Task objective
What you return should be the complete data below, word for word, with no pictures in it.

Provided data Block Start

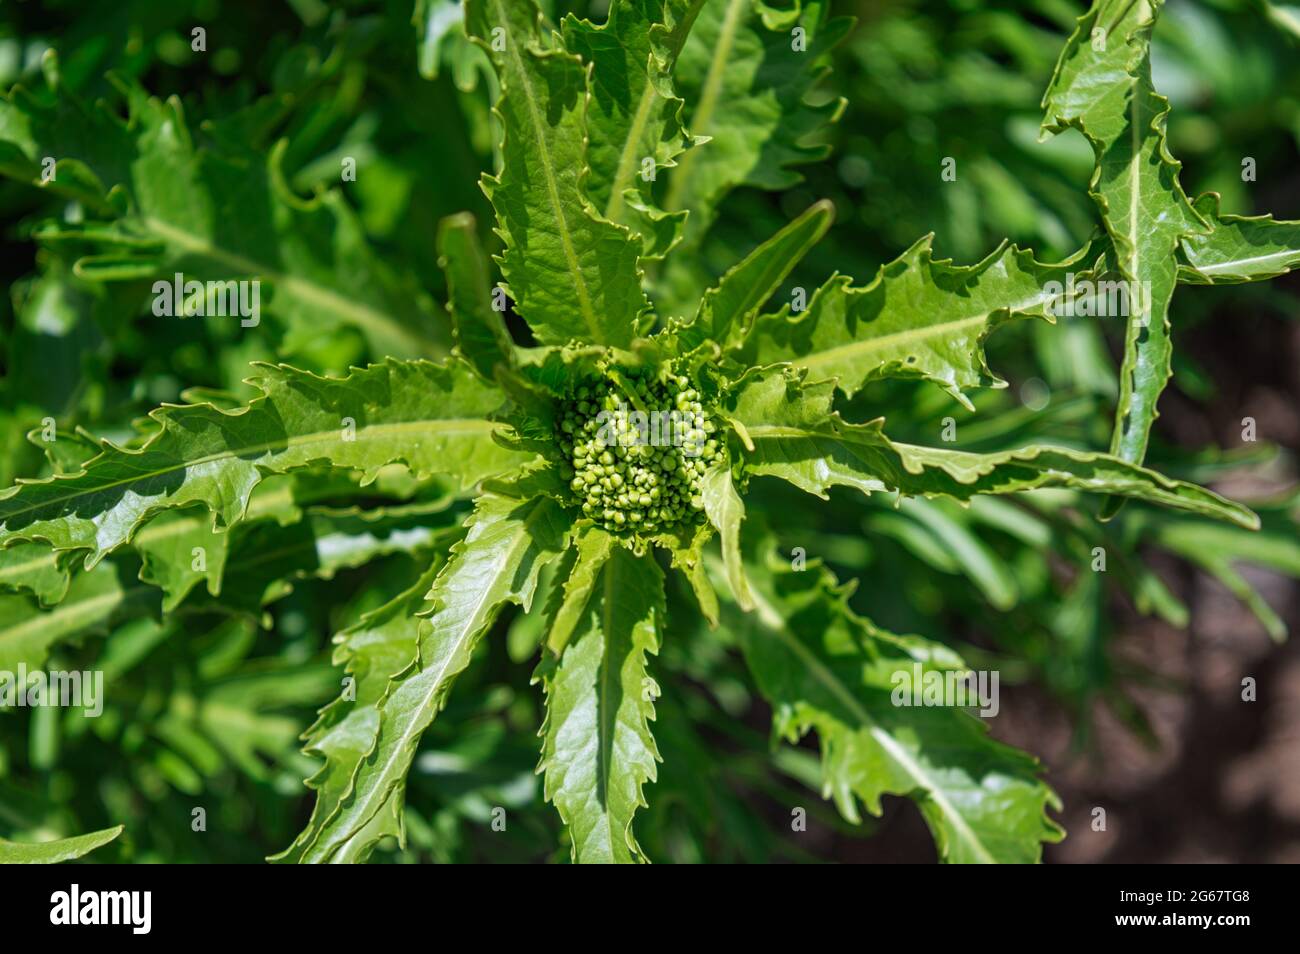 Closeup shot of bitter lettuce plant leaves on a blurred background Stock Photo
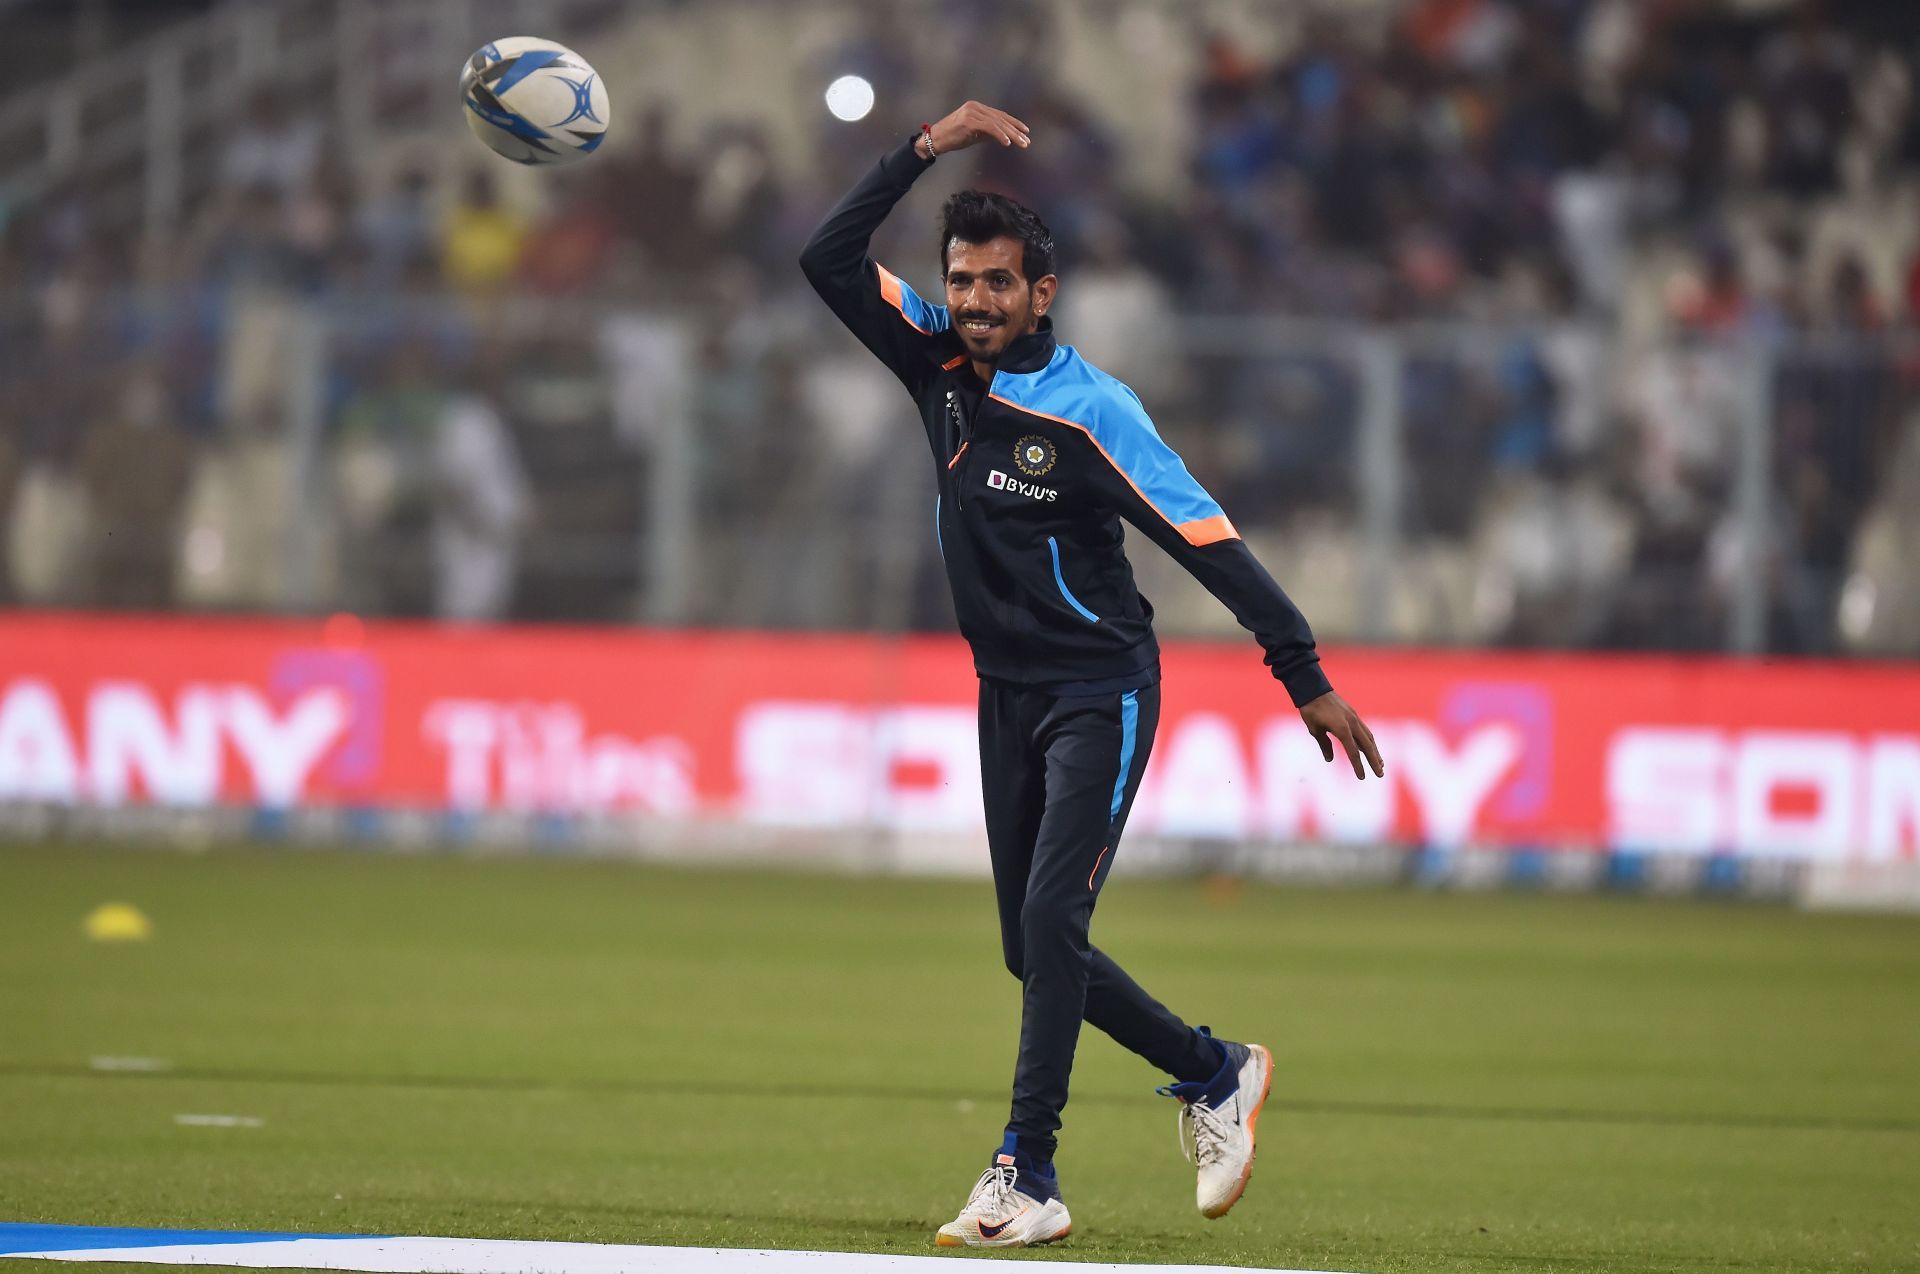 Chahal is one of the match-winners in the IPL
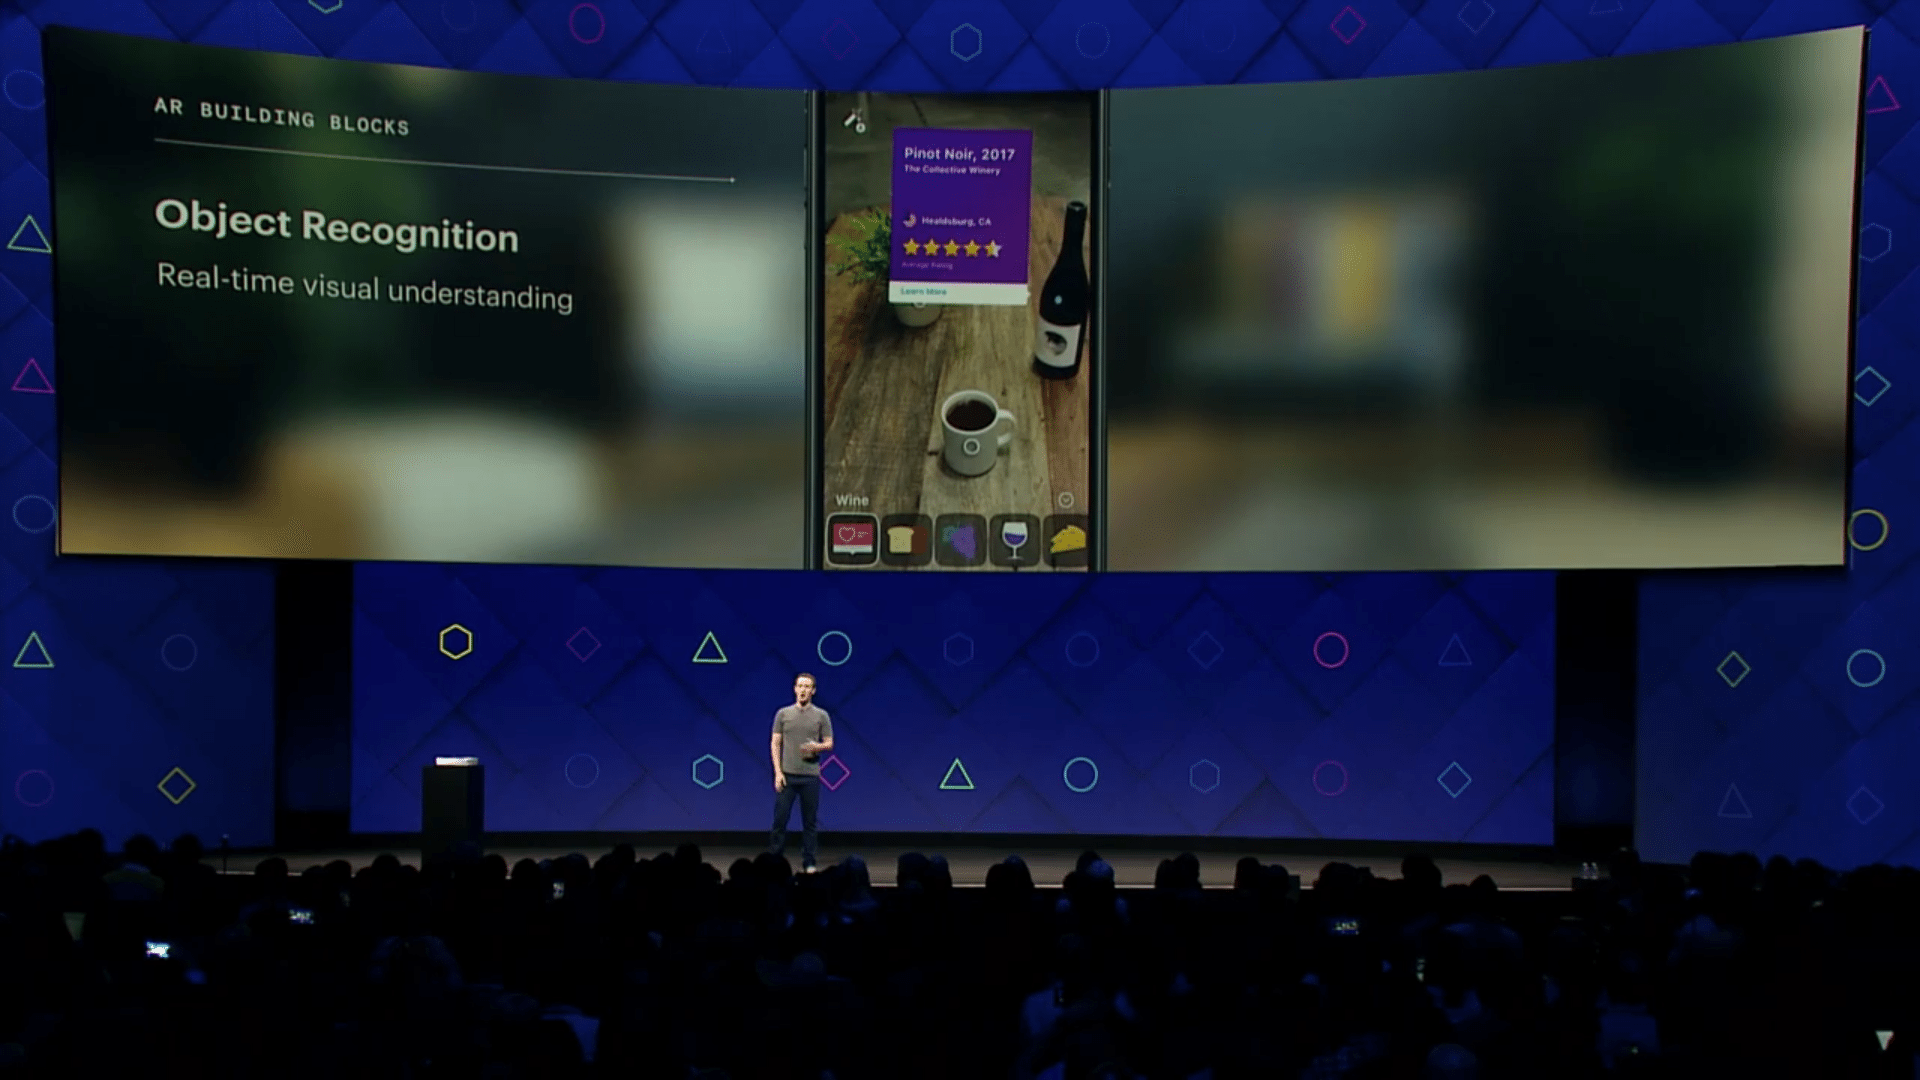 F8 2017 Recap: 10 Major Announcements Every Marketer Should Know

Provided data Block End

Task response
 Closeup shot of bitter lettuce plant leaves on a blurred background Stock Photo
 Chahal is one of the match-winners in the IPL
 F8 2017 Recap: 10 Major Announcements Every Marketer Should Know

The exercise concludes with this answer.